Headlines in recent weeks serve as reminders that the long-standing problem of government surveillance of civil society has not gone away. Instead it is growing into a threat to the privacy of communications of civil society groups that work across borders, advocate on the issues of the day or defend human rights. There is reason to be concerned and pay attention.
Still Spying: The Enduring Problem of FBI First Amendment Abuse, a report released by Defending Rights and Dissent on Oct. 22, chronicles FBI surveillance of political activity for the last decade, provides useful historical background and makes concrete recommendations to protect Constitutional rights. As Intercept reporter Glenn Greenwald observed the day the report was released, the FBI has used “its mandate to protect national security to target scores of individuals posing no threat but opposing government policies and practices.” A good number of those individuals are associated with civil society groups. The report also points out the diversion of national security resources to this political surveillance, through of Joint Terrorism Task Forces, collaborations between the FBI, local law enforcement and federal agencies such as the Department of Homeland Security.

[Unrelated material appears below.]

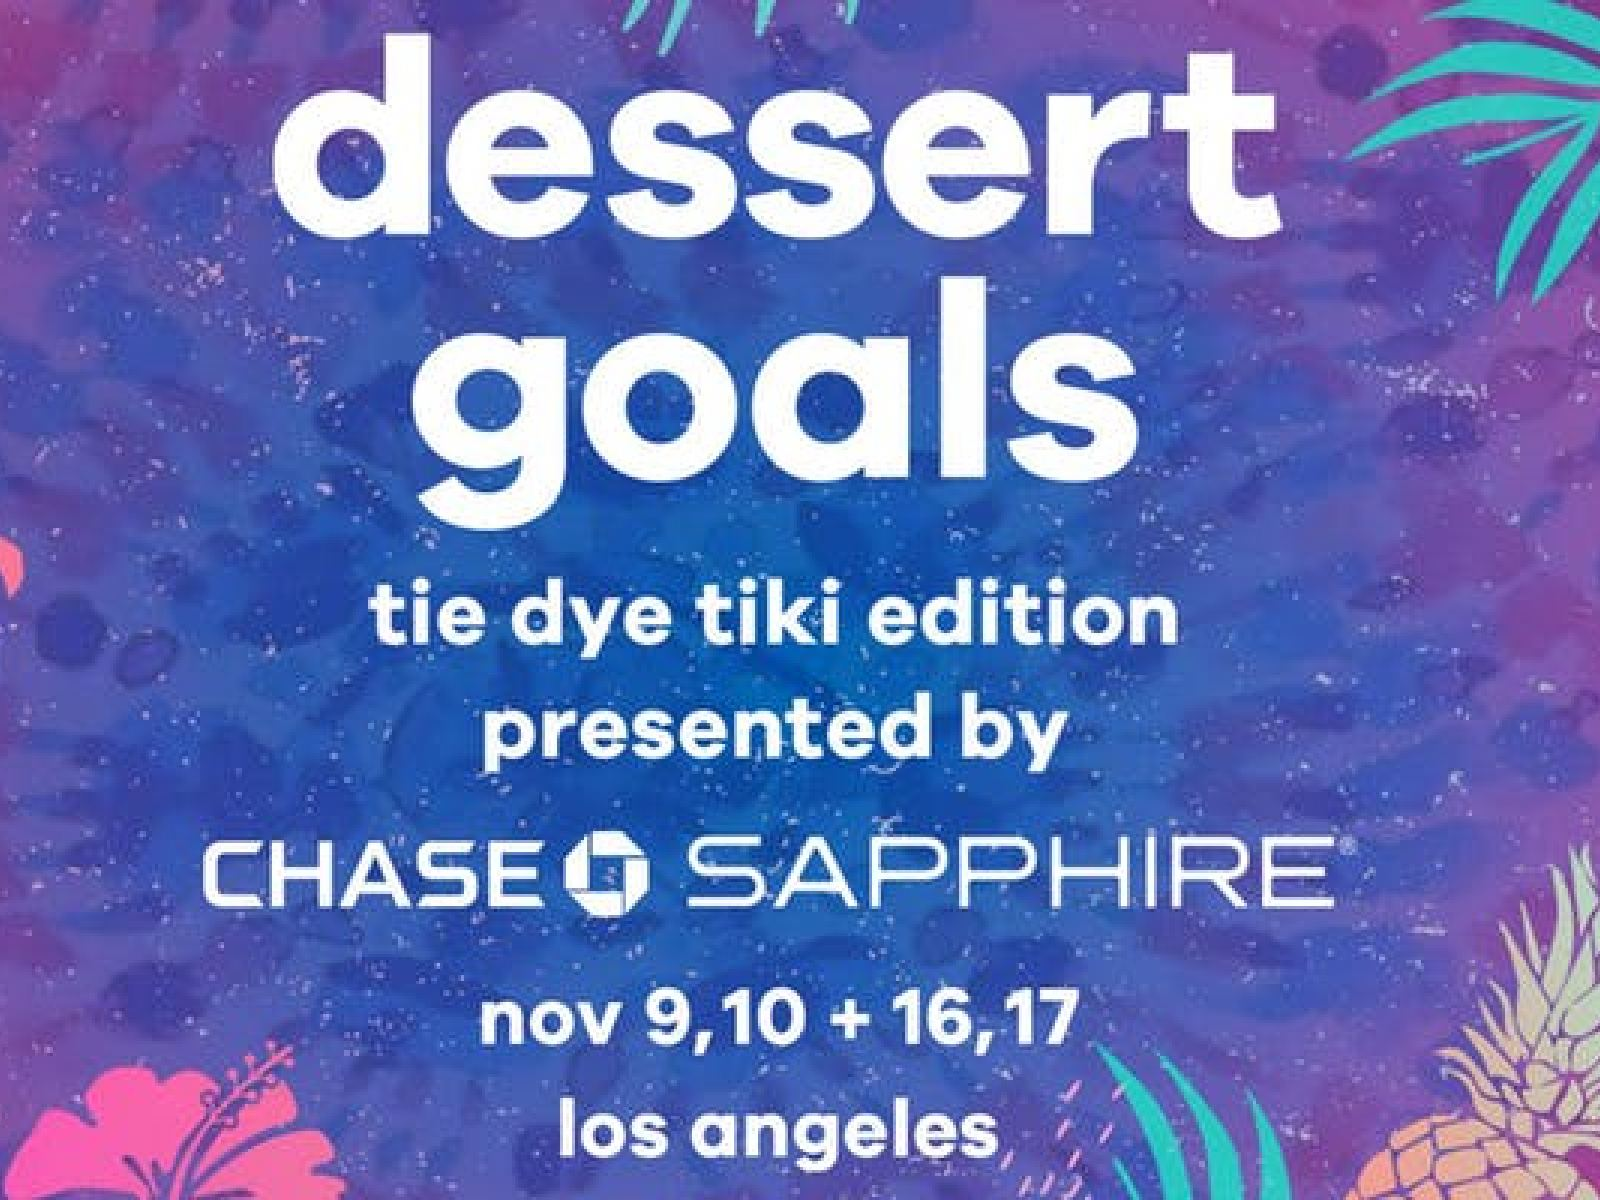 Main image for event titled Dessert Goals - Dessert Fest

It’s not only advocacy groups that can be impacted by this collection of communications and data. Organizations that operate across borders, whether operating humanitarian, development, educational or other programs, may have communications with staff, allies and others based outside the U.S. collected and stored. The PATRIOT Act’s Section 702 gives the government sweeping powers to collect the information of foreigners without a warrant, so that U.S. parties involved in those communications are also affected. The FBI uses these databases for warrantless searches.
In mid-October the Office of the Director of National Intelligence released opinions of the Foreign Intelligence Surveillance Court that found the FBI’s procedures for handling information on Americans violated the Foreign Intelligence Surveillance Act and the Fourth Amendment. But according to Elizabeth Goitein’s analysis in Just Security, the remedy is insufficient to address the problem.
Meanwhile, civil society staff and volunteers traveling across the U.S. border may have their electronic devices searched. According to a press release from Senators Leahy (D-VT) and Daines (R-MT), “Government searches of electronic devices at border crossings have nearly quadrupled since 2015, rising to 33,295 last year.” The two Senators have introduced legislation that would require the government “to have reasonable suspicion or probably cause to search or seize Americans’ electronic devices at the border.”
A report from the Surveillance Oversight Technology Project (STOP), Searches Without Borders, documents this problem and includes tips on how civil society actors can protect their devices. I will take their advice and protect my phone before my next trip!